Маргарет Этвуд – Кошачий глаз (страница 22)
Я сознаю, что это воспоминание – не то, что я ищу. Но цветы, запах, движение листьев упорствуют – насыщенные, завораживающие, вызывающие отчаяние, повергающие в скорбь.
V. Отжим
Я выхожу из галереи, сворачиваю на восток. Мне нужно зайти в магазин, купить нормальной еды, организоваться. Оставшись в одиночестве, я возвращаюсь в те времена, когда забывала поесть и работала ночь напролет. Работала, пока меня не охватывало странное чувство, в котором я не сразу распознавала голод. Тогда я тайфуном налетала на холодильник. Остатки сладки.
Сегодня утром были яйца, но их больше нет. Нет хлеба. Нет молока. А почему сначала они были? Должно быть, это запас Джона. Наверно, он иногда ест у себя в мастерской. А может, он все это принес для меня? Мне как-то не верится. Я куплю себе апельсинов. И йогурт. Натуральный. Буду позитивно смотреть на жизнь, заботиться о себе, кормить себя ферментами и полезными бактериями. Эти греющие мысли доводят меня до самого центра города.
Здесь когда-то стоял универмаг Итона, вот на этом углу, квадратный, желтый. Теперь вместо него новое здание, так называемый торговый комплекс. Можно подумать, торговля – это психическое отклонение. Стены комплекса – стеклянные, фасеточные, зеленые, словно айсберг.

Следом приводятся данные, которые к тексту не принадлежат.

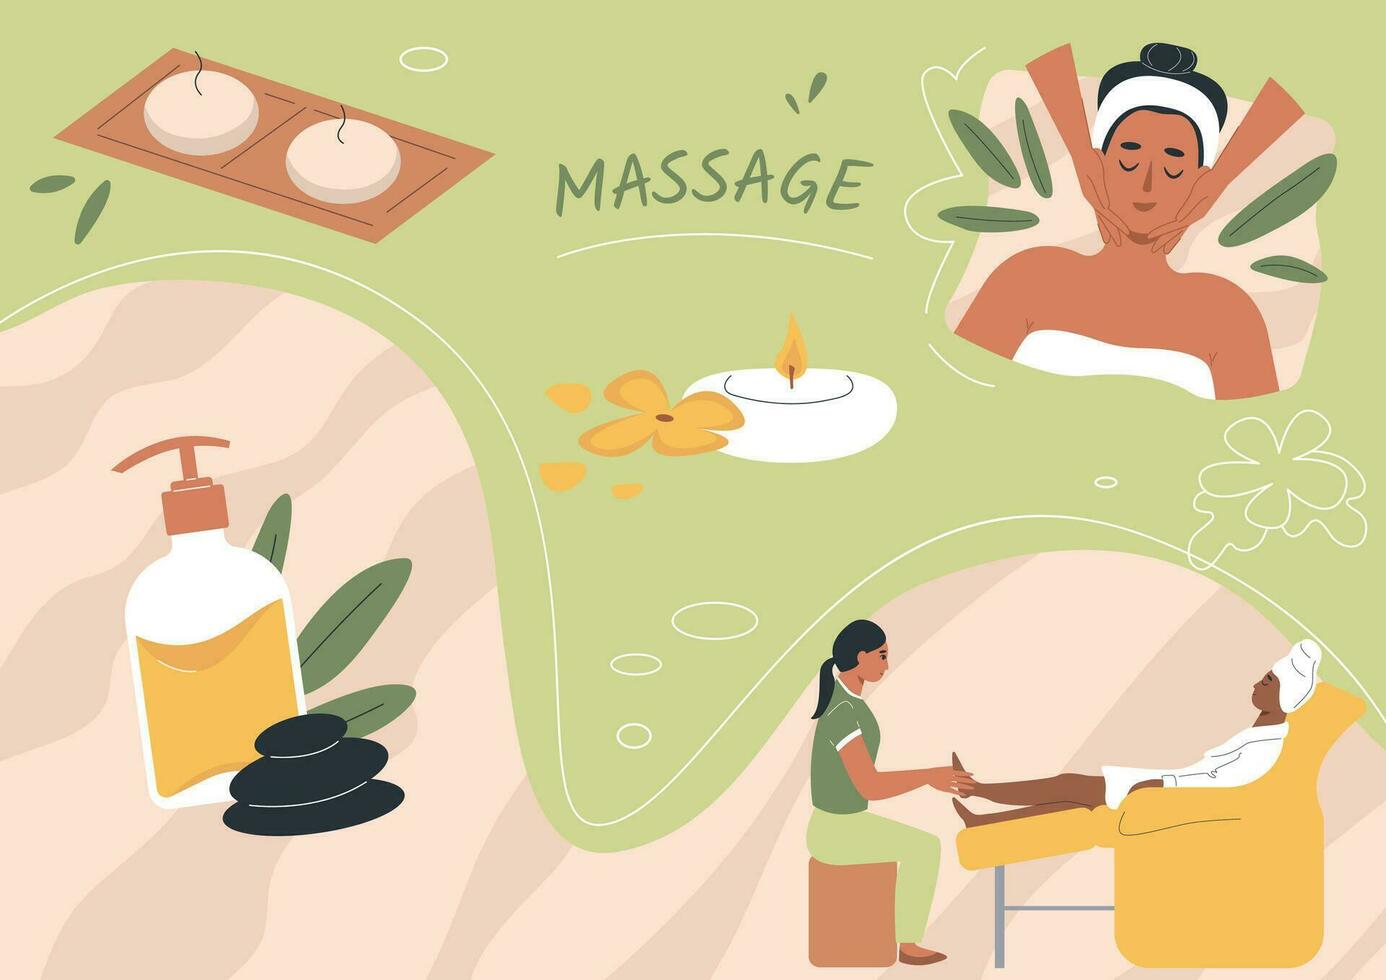 Massage Relax Collage Composition vector

Напротив – знакомая страна: универмаг Симпсона. Я знаю, что в нем должен быть продуктовый отдел. В зеркальных витринах – стопки банных полотенец, пухлые мягкие диваны и кресла, постельное белье с модным рисунком. Я думаю о том, где, в конце концов, окажутся все эти тряпки. Люди покупают их, увозят, набивают ими свои дома: гнездовой инстинкт. Для тех, кто видел птичье гнездо вблизи, это рисует не очень-то привлекательную картину. В любой дом влезет лишь ограниченное количество тряпок, но, конечно, их можно время от времени выбрасывать. Когда-то мы старались покупать добротные, ноские вещи. Со временем они становились как будто частью тебя. Мы проверяли, хорошо ли подрублен подол, крепко ли пришиты пуговицы, щупали ткань, потирая её большим и указательным пальцами. В следующей витрине – мрачные манекены. Таз выдвинут вперед, плечи перекошены. В целом похоже на маньяка, замахнувшегося топором. Видимо, такой облик нынче в моде: озлобленность и агрессия. На тротуарах множество андрогинов во плоти: девочки в черных кожаных куртках и грубых ботинках, стриженные под ежик или с прической «утиный хвост», мальчики – капризные, с надутыми губами, как у моделей на обложках модных журналов, волосы уложены гелем в «иголочки». Издали я не могу отличить мальчиков от девочек, хотя сами они, наверно, могут. При виде их я чувствую себя отставшей от жизни.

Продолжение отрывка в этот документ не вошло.